In short, the Madison school district is attempting to substitute school input for parental input in one of the most consequential moral decisions a child can make.  A month ago, I wrote about Harvard professor Elizabeth Bartholet’s desire to outlaw homeschooling.  Among other things, she argued that public schooling was necessary to expose children to “ideas about nondiscrimination and tolerance of other people’s viewpoints.”  Thanks to the Madison Metropolitan School District, we’ve got a concrete example of what such exposure looks like in practice.

Now, I don’t think this is likely to be a problem in rural middle Tennessee, where I live.  There are many other places around the country where school districts also haven’t bought into progressive ideology.  However, there are plenty of places where school districts have.  It’s true that, from what I know of Madison, public policy there is likely to be progressive even by progressive standards.  Nonetheless, even if your local progressive district hasn’t gotten there yet, MMSD gives us a pretty good idea of where it’s headed in future.

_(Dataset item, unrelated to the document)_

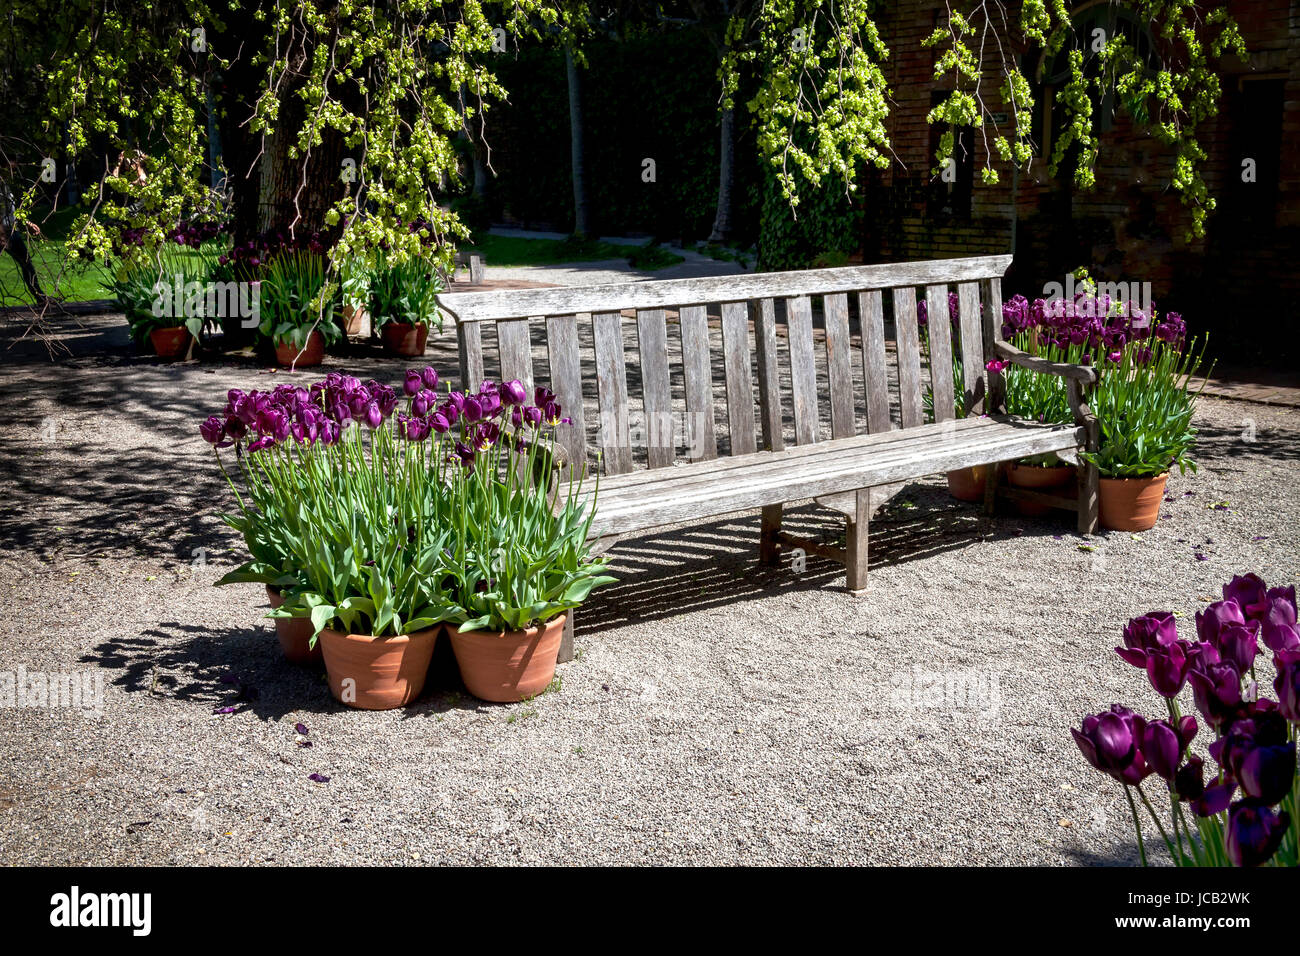 Diese Bank befindet sich in einem formalen botanischen Garten. Der Garten vorhanden frisch blühende violette Tulpen, die überall im Park zu finden. Stockfoto

It used to be that public schools were (at least seen as) relatively neutral, benign educational establishments.  You could send your kids off every day and trust that the school pretty much would stay in its lane and leave the moral instruction to you.  Sadly, that conviction is becoming increasingly naïve.

As always, I leave decisions about how children should be educated to parents.  You decide in good conscience what method is best for your kids, and I’ll respect that, whether you have chosen public school, private school, or homeschool.

However, I will say that parents who have chosen public school in blue districts need to be wary.  Do not assume that worldview indoctrination is going to be preceded by waving banners and brass bands.  Instead, you need to ask probing questions, both of your children and of their teachers, about what kinds of things are being taught.  If you get answers you don’t like, you don’t necessarily have to yank your kids, but you do have to make sure that the predominant moral narrative in their lives is the Biblical one.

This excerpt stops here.